I also bought three Hyla Leucophyllata. You'd expect they would sleep under the leaves of the plants, but they don't! They sleep in the leaf litter. And five minutes after the lights are out, they crawl out of the leaf litter and start with there 'daily' (night) routine. It's very clear to see which one's the female and which ones are the males. The female is a lot bigger. 

My Leucomelas are not yet full grown, but I think I can see I have two males and two females. But haven't heard any calling yet. 

Future plans: 

Get some Lamasi Panguana or Vanzolinii
Make a RC for the Hyla Leucophyllata. I have all the materials so it won't be too hard.
Sell one female Pumilio Almirante.

I'll post some photos as soon as I get some good shots of all the activities of the frogs.


----------



## bernddd (Jan 19, 2013)

I took the tadpole out of the bromeliad. I placed him a small tank with half an inch of water. I gave him also a little brown ball of Tetra Goldfish Granula. It sinks to the bottom.

Do you guys have any tips for me? What can I do better?

The tadpole has no legs. It still has his long 'tail'.


----------



## bernddd (Jan 19, 2013)




----------



## tongo (Jul 29, 2007)

hi are you using tree fern panels as your background in some of your tanks?


----------



## bernddd (Jan 19, 2013)

I only used fern panels in this tank and in the small tank that's on top of this tank.




There's one background that's made out of bark. 
The backgrounds of the 'rack' (two tanks on the left) I made with PVC-pipes.


----------



## Sammie (Oct 12, 2009)

Looking good

What did you use to cover the pvc? I'm doing something similar, but it seems most stuff won't adhere to plastics


----------



## rigel10 (Jun 1, 2012)

About the tadpole, I suggest you to put in water a few pieces of oak leaf or catappa and a bit of java moss. I use tadpole tea.


----------



## bernddd (Jan 19, 2013)

rigel10 said:


> About the tadpole, I suggest you to put in water a few pieces of oak leaf or catappa and a bit of java moss. I use tadpole tea.

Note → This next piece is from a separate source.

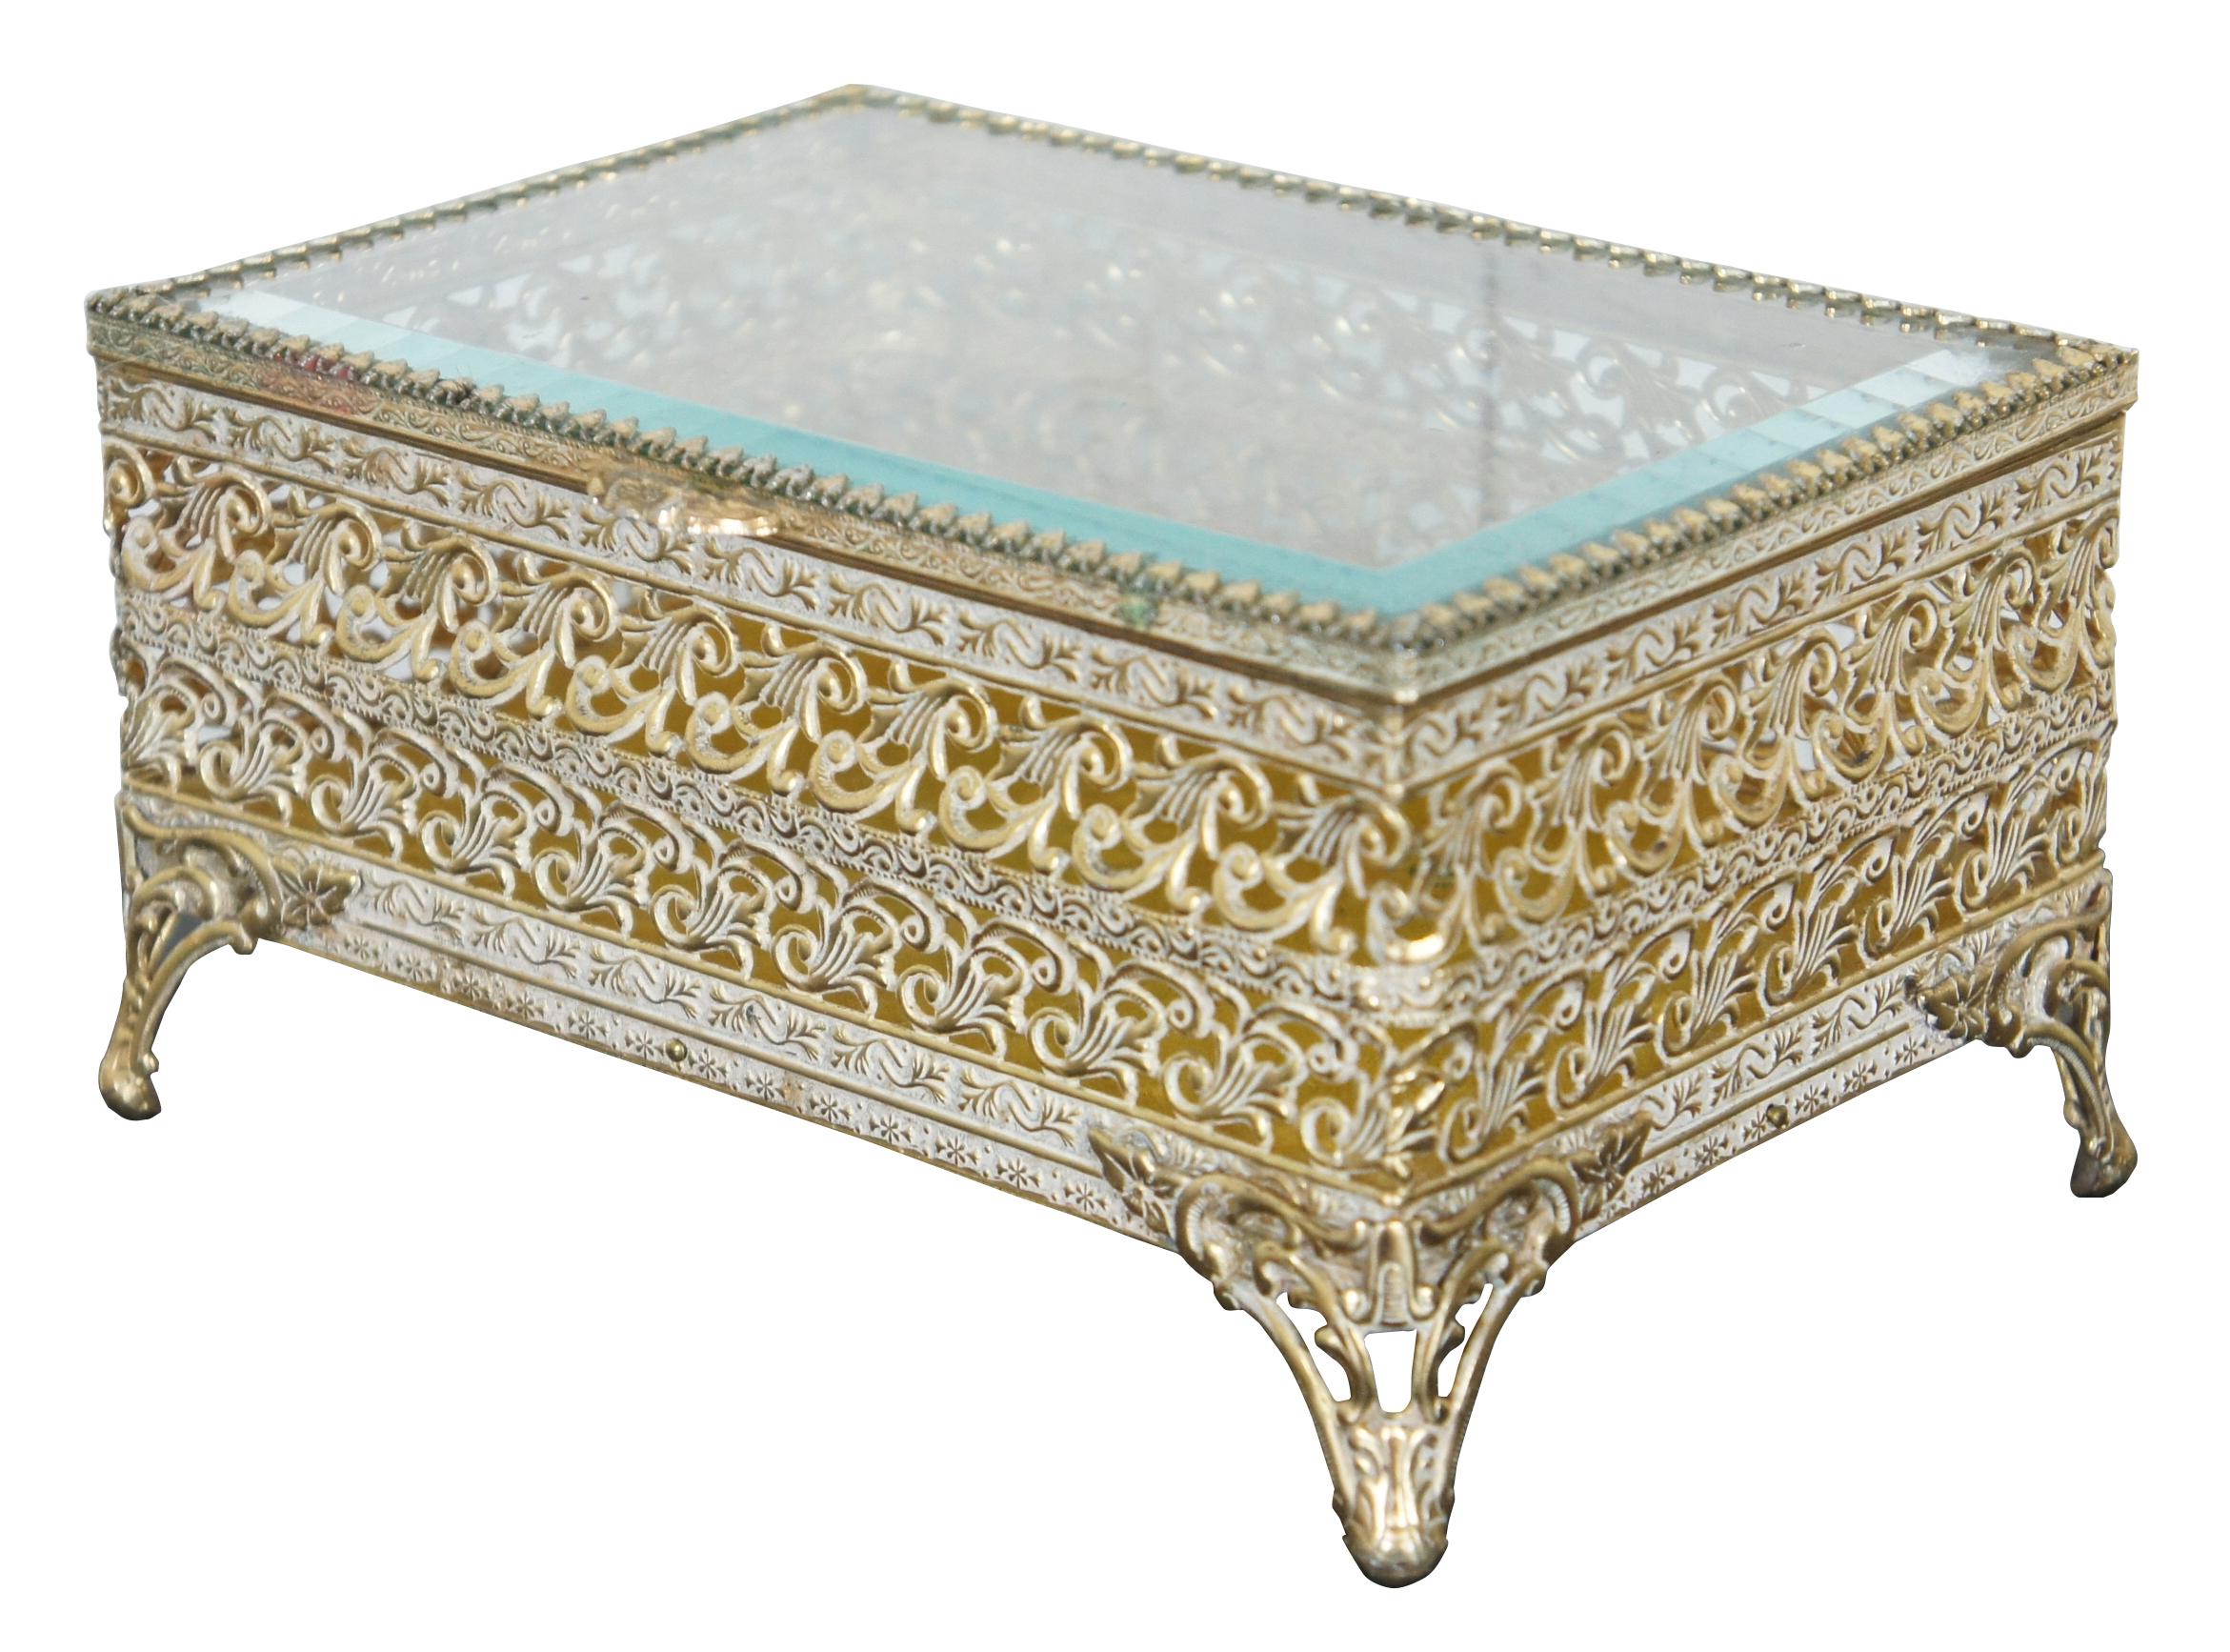 Antique brass filigree trinket/jewelry box with beveled glass lid, and footed with ornate design.
 

I thought about that, but Imitators lay their eggs most of the time above the ground, not affected by tannins of decaying oak leaves. With Tinctorius it is used more often. I did put some java moss in there. 

Do you have experience with using oak leaves with Imitators? If you have good results maybe it's worth a try for me.

I noticed that the tadpole won't eat the sinking balls of Tetra Goldfish Granula. What do you suggest I'd give him?


----------



## bernddd (Jan 19, 2013)

Sammie said:


> Looking good
> 
> What did you use to cover the pvc? I'm doing something similar, but it seems most stuff won't adhere to plastics


I used peat mixed with compactuna. It makes it a bit harder when it dries out. 
The key to do it, is put a thin layer on the PVC-pipes. Let it dry out for a week or two. After that use black silicone mixed with peat to cover up the white spots. 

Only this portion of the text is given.